Flying the Ocean Literacy banner
ICAN 8 Coastal Web Atlases workshop & Ocean Teachers Global Academy
by Kathrin Kopke
The International Coastal Atlas Network (ICAN) 8 workshop on September the 12th in Santa Marta, Columbia attracted more than 25 participants from about 20 countries. The ICAN 8 workshop was placed in the context of SDG14 because many of the ICAN resources (Coastal Web Atlases – CWAs) are aiming to raise awareness of our coastal and marine environments while addressing relevant issues like overfishing, ocean acidification, climate change, disaster and risk management, pollution & coastal and marine management.
ICAN CWAs are addressing these issues not only through visualisation of geospatial data and information within an interactive map area, but by actively promoting knowledge about our coasts and oceans through accompanying features such as information boxes, learn features, pictures, graphs and text items. These features provide context and for example allow users to better understand presented geographic information while delivering links to the principles of Ocean Literacy. The IOC/UNESCO Ocean Literacy expert Francesca Santoro set the scene on Ocean Literacy (OL) principles for ICAN 8 and ensured that technical discussions stayed within the OL context. ICAN 8 presentations demonstrated how CWAs can for example advance knowledge and appreciation of the Great Lakes, raise awareness of urban marine ecosystems in Sydney Harbour, communicate risks and impacts of tropical cyclones for coastal communities of the Gulf of Mexico and the western Caribbean Sea or empower local fishing communities in Brazil.

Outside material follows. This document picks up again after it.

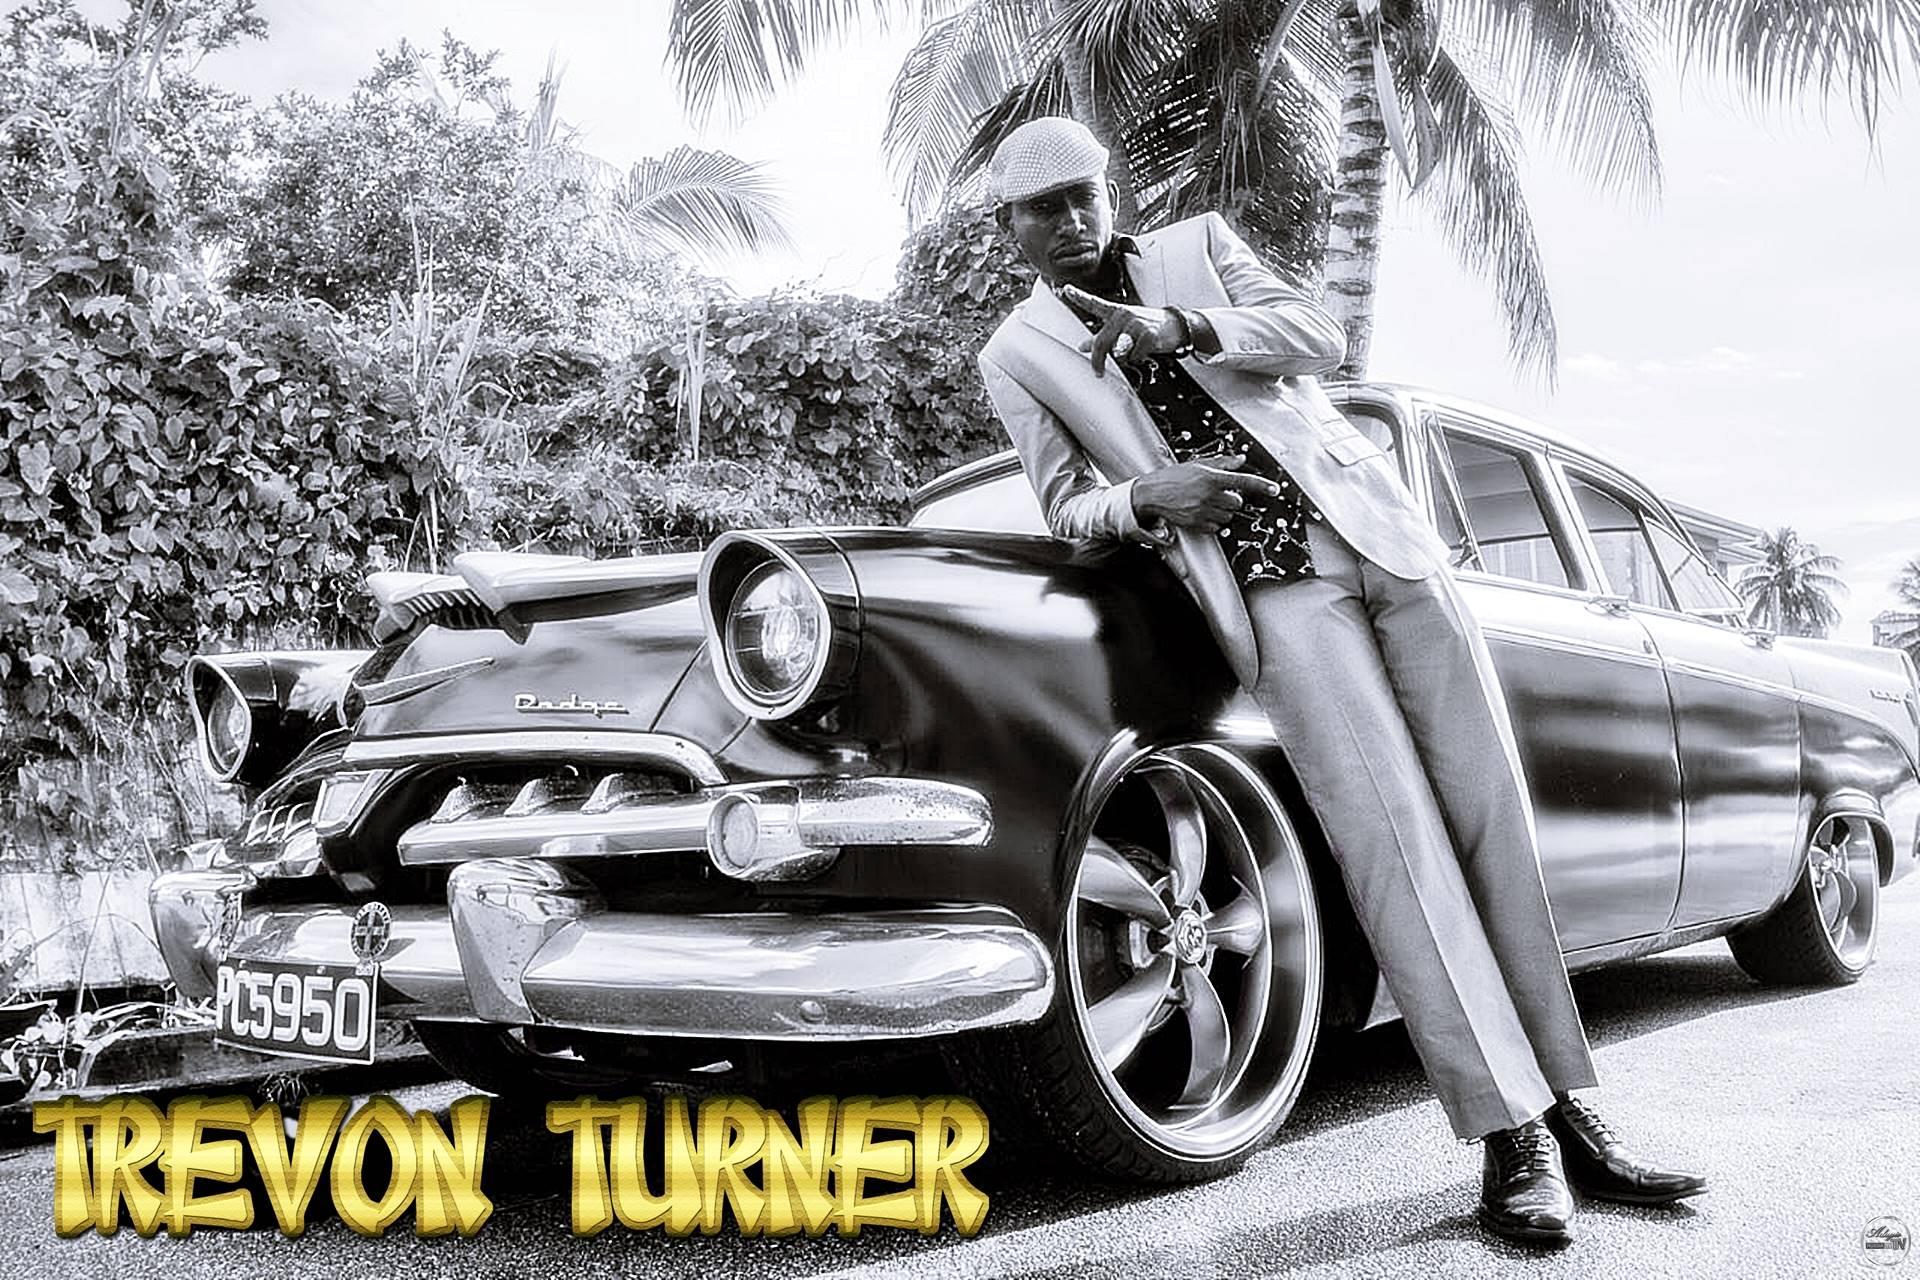 Trevon Turner

The IODE/IOC Ocean Teachers Global Academy (OTGA) training course on Ocean Literacy and Story Telling Maps took place back to back with ICAN 8 linking both events in a complementary way, which allowed ICAN experts to support the OTGA course as instructors and teachers, while learning from each other. Students from all over South America participated from September 13th till September 15th and worked in teams to produce story maps on coastal and marine issues within an OL context. The course promoted collaborative work and cooperation and facilitated practical use of story mapping technology and as such cultivated networking of course participants across diverse fields of expertise e.g. fisheries, ocean biodiversity or risk and disaster management across South America.

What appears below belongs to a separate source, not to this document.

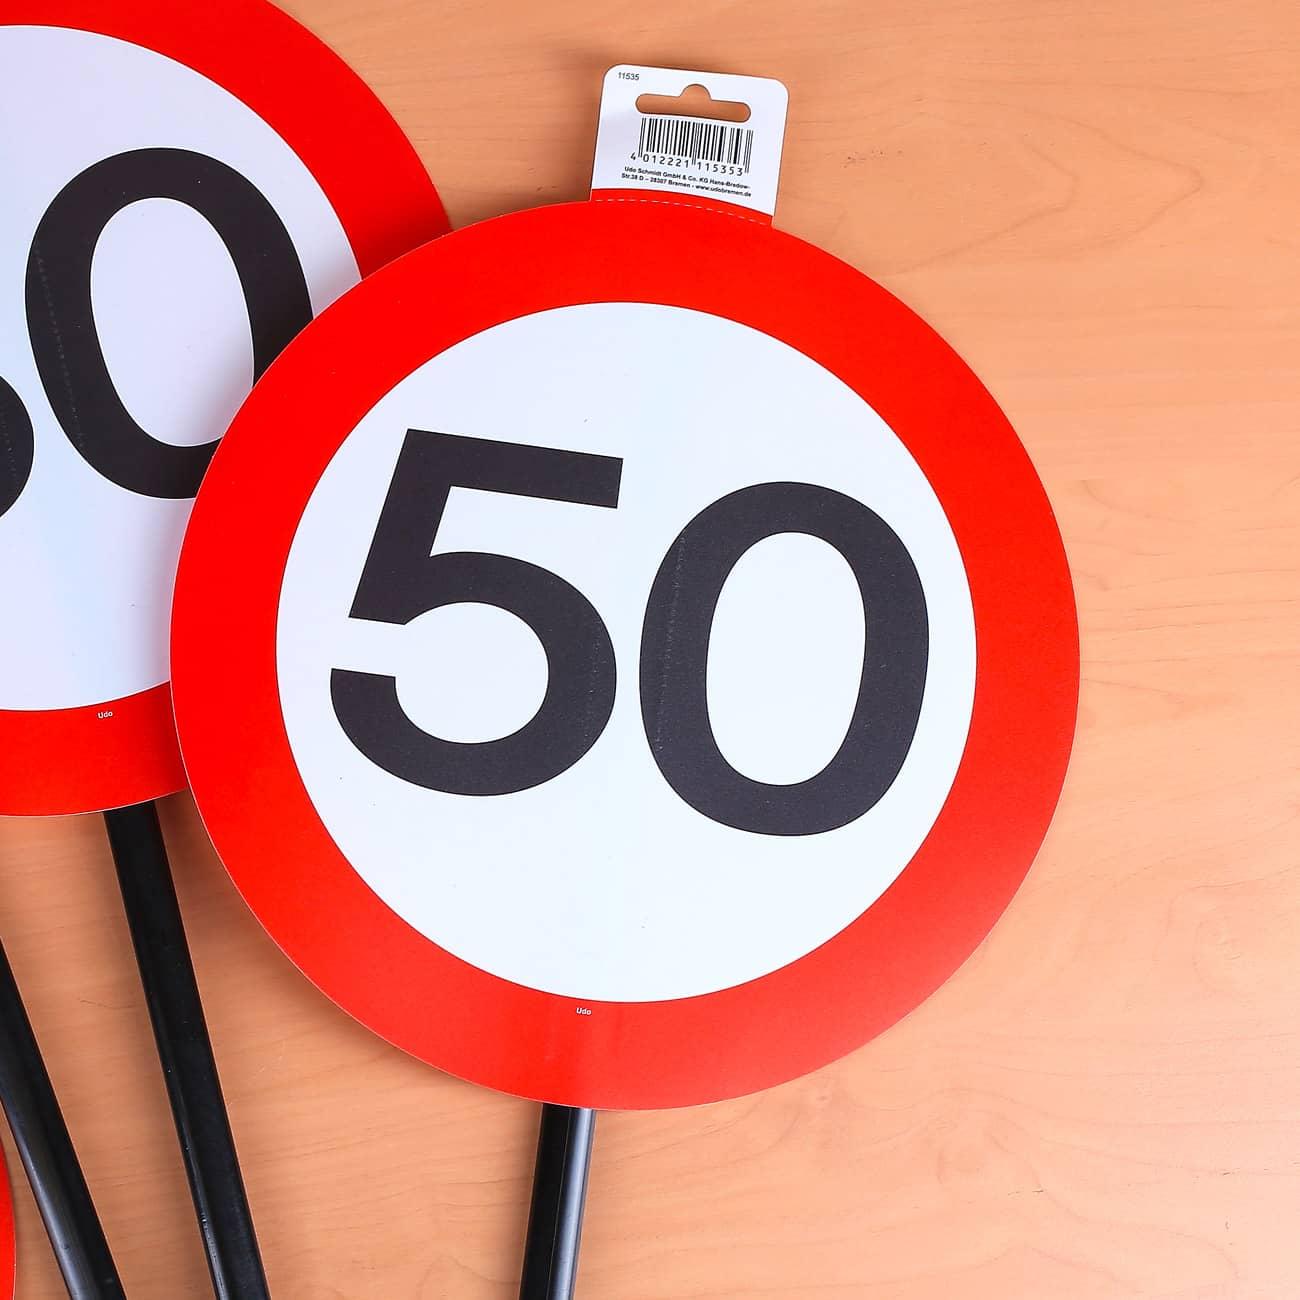 dekoratives Verkehrsschild zum 50. Geburtstag mit Stab

The International Coastal Atlas Network (ICAN) is a community of practice of organizations, who have been meeting since 2006, to share experiences and to find common solutions to Coastal Web Atlas (CWA) development. ICAN is a project of UNESCO IOC´s International Oceanographic Data and Information Exchange (IODE) Programme since 2013 and co-chaired out of MaREI.
The long-term strategic goal of the IODE ICAN (International Coastal Atlas Network) project is to encourage and help facilitate the development of digital atlases of the global coast based on the principle of distributed, high-quality data and information. These atlases can be local, regional, national and international in scale. ICAN aims to achieve this by sharing knowledge and experience among atlas developers in order to find common solutions for coastal web atlas development whilst ensuring maximum relevance and added value for the users.

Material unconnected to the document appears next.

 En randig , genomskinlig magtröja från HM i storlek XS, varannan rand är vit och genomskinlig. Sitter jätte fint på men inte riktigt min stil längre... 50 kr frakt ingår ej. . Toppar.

The International Coastal Atlas Network (ICAN) emerged from a series of trans-Atlantic meetings held in 2006 and 2007 between a group of organisations that shared a common interest in Coastal Web Atlas (CWA) development. The ICAN grew in subsequent years into a community of practice developing best practise examples for technical solutions to CWA development, scoping and implementing data interoperability approaches and exploring end user interaction with CWAs. Since 2006, the network has organised seven workshops across the globe in Europe, North America and Africa and is increasing awareness of opportunities for coastal and marine information sharing through the CWAs, while growing the ICAN community.